The cyberwar with China began with Titan Rain, the U.S.’s code name for a series of attacks on government agency computers at the Defense Department, Homeland Security, as well as the State and Energy departments. “This is an ongoing, organized attempt to siphon off information from our unclassified systems,” one U.S. official said. A 2007 Pentagon report concluded that the People’s Liberation Army was stepping up its cybergame. “The PLA has established information warfare units to develop viruses to attack enemy computer systems and networks, and tactics and measures to protect friendly computer systems and networks,” the report revealed. “In 2005, the PLA began to incorporate offensive [operations], primarily as first strikes against enemy networks.”

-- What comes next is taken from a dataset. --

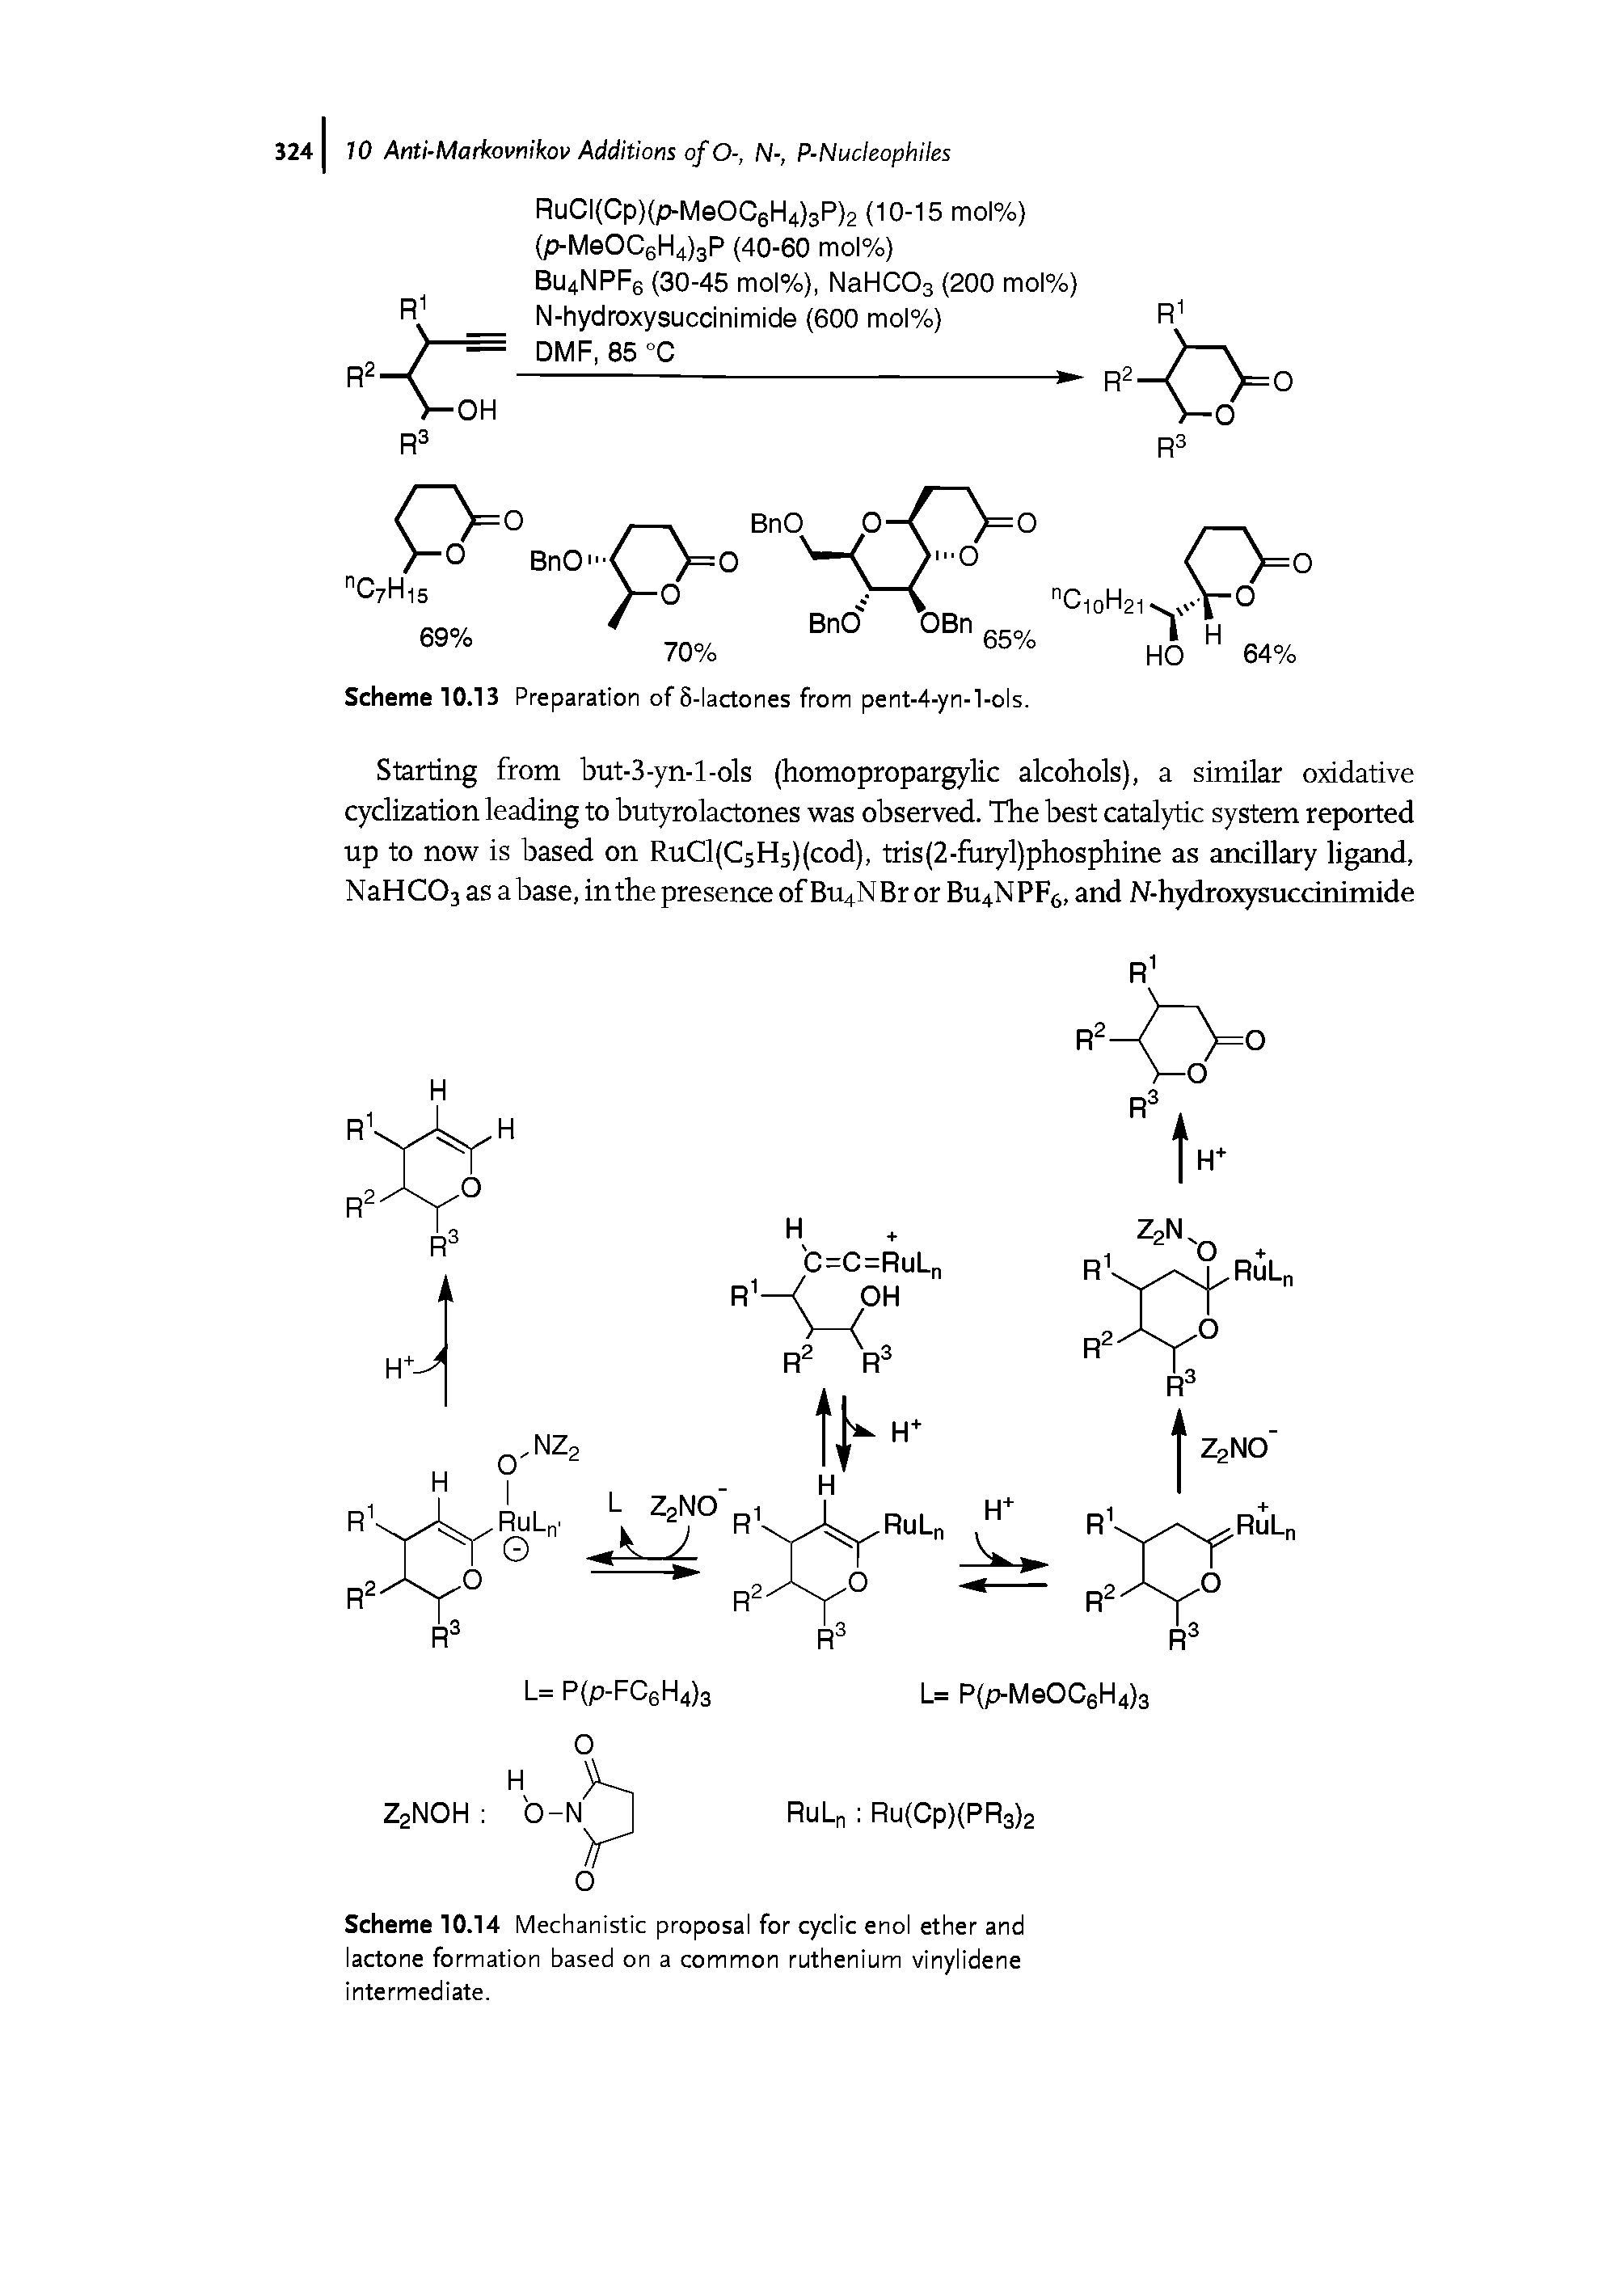 Scheme 10.14 Mechanistic proposal for cyclic enol ether and lactone formation based on a common ruthenium vinylidene intermediate.

After the Estonian government dismantled a Soviet World War II memorial, all hell broke loose online. Banks, news media and even government websites crashed in the wake of the most crippling cyberattack a country has ever seen. For the U.S., it was a foreboding sign of hackers’ brutally effective tools like denial-of-service attacks and botnets. Nashi, a young activist group supported by the Kremlin, later claimed responsibility, which the Kremlin denies. The hack showed how one lone hacker has the power to take down a country’s critical infrastructure with relative ease. Live Free or Die Hard turned from a fantasy scenario to a looming reality.